**Task directions**
As an exercise in exact copying, transcribe the lines below from the one holding "Spark / スパークの再生済みの波形" through the last, with both ends included and pictures left out.

**Given material**
——————
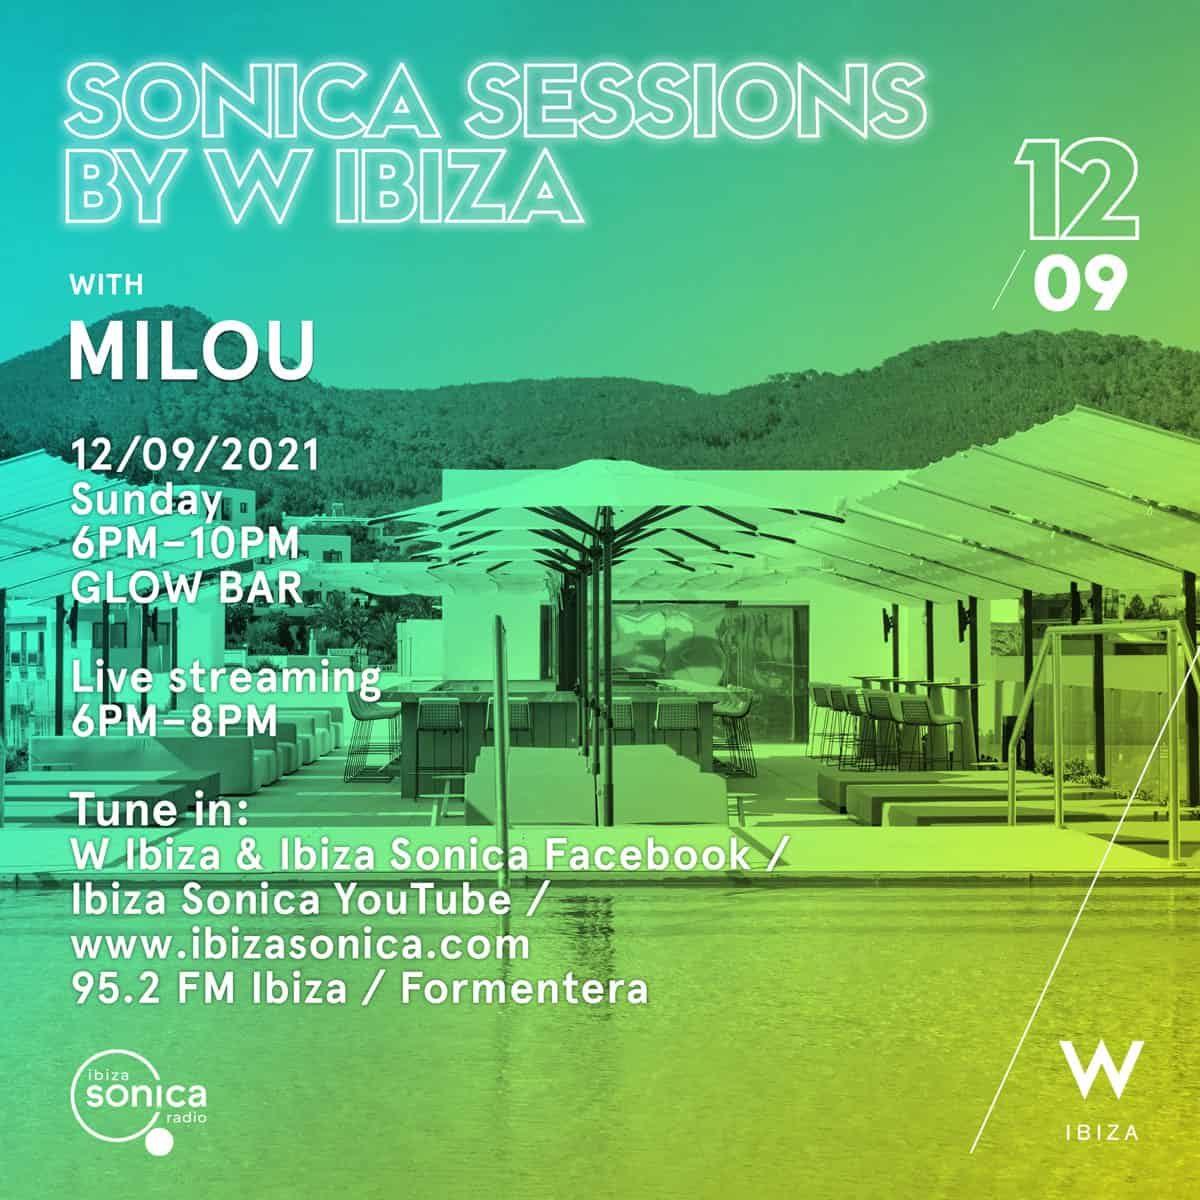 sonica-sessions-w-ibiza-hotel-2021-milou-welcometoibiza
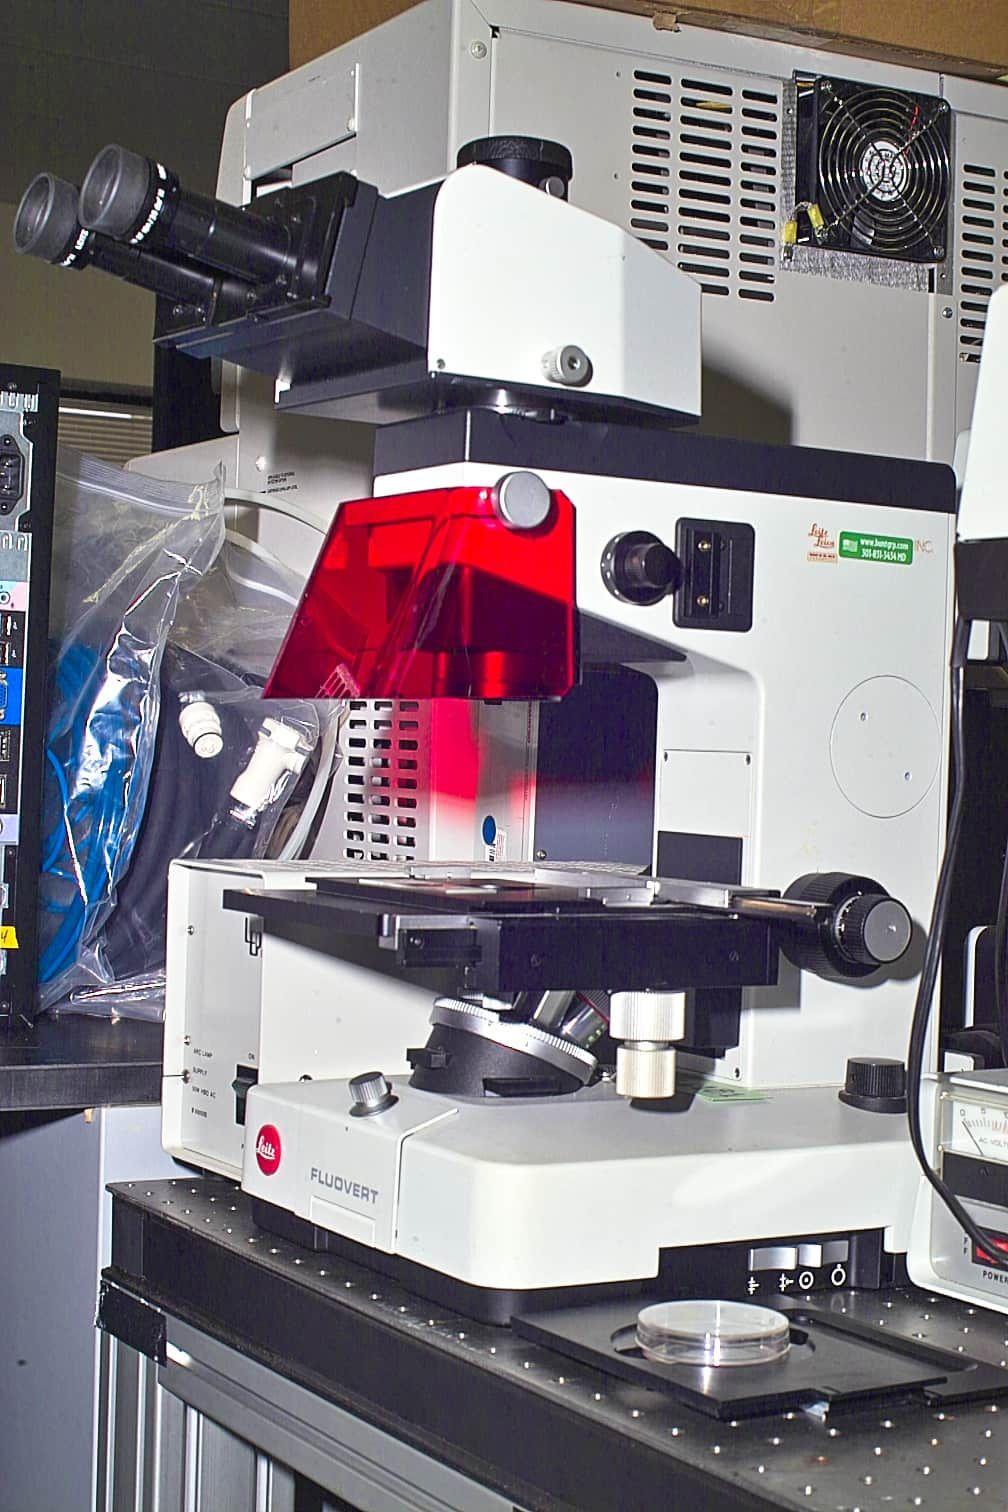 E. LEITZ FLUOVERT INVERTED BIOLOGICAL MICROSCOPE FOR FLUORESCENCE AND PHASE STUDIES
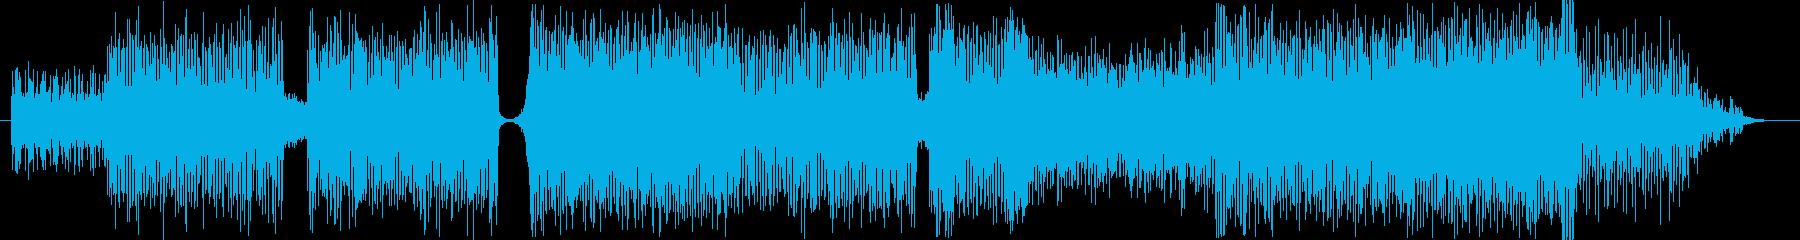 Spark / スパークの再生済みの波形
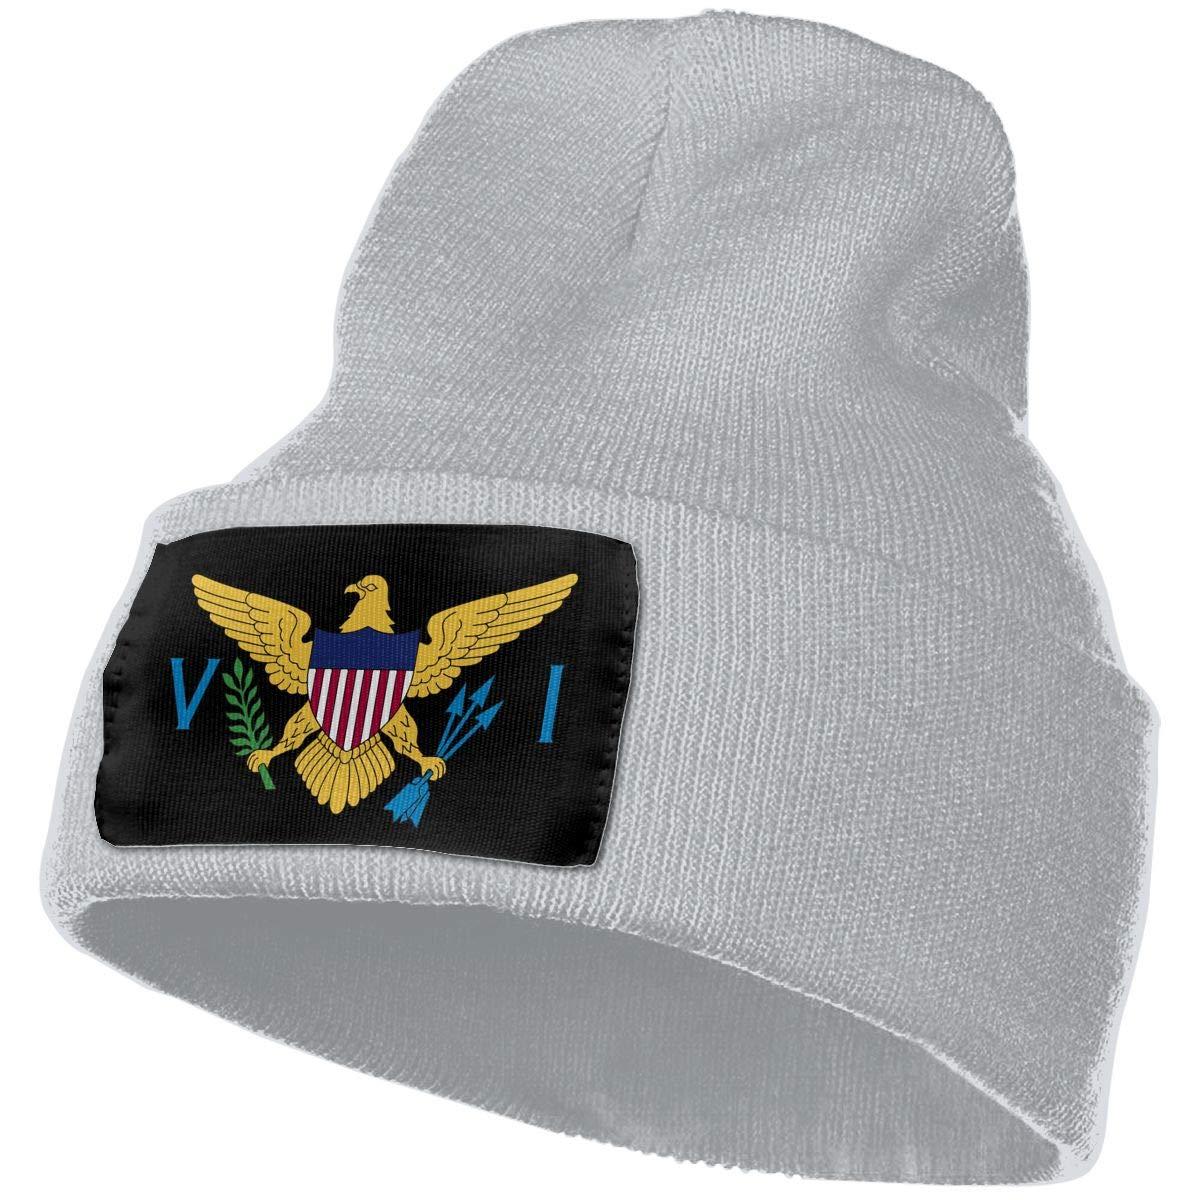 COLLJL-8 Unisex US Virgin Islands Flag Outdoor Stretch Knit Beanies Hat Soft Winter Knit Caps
——————
**Expected answer**
 Spark / スパークの再生済みの波形
 COLLJL-8 Unisex US Virgin Islands Flag Outdoor Stretch Knit Beanies Hat Soft Winter Knit Caps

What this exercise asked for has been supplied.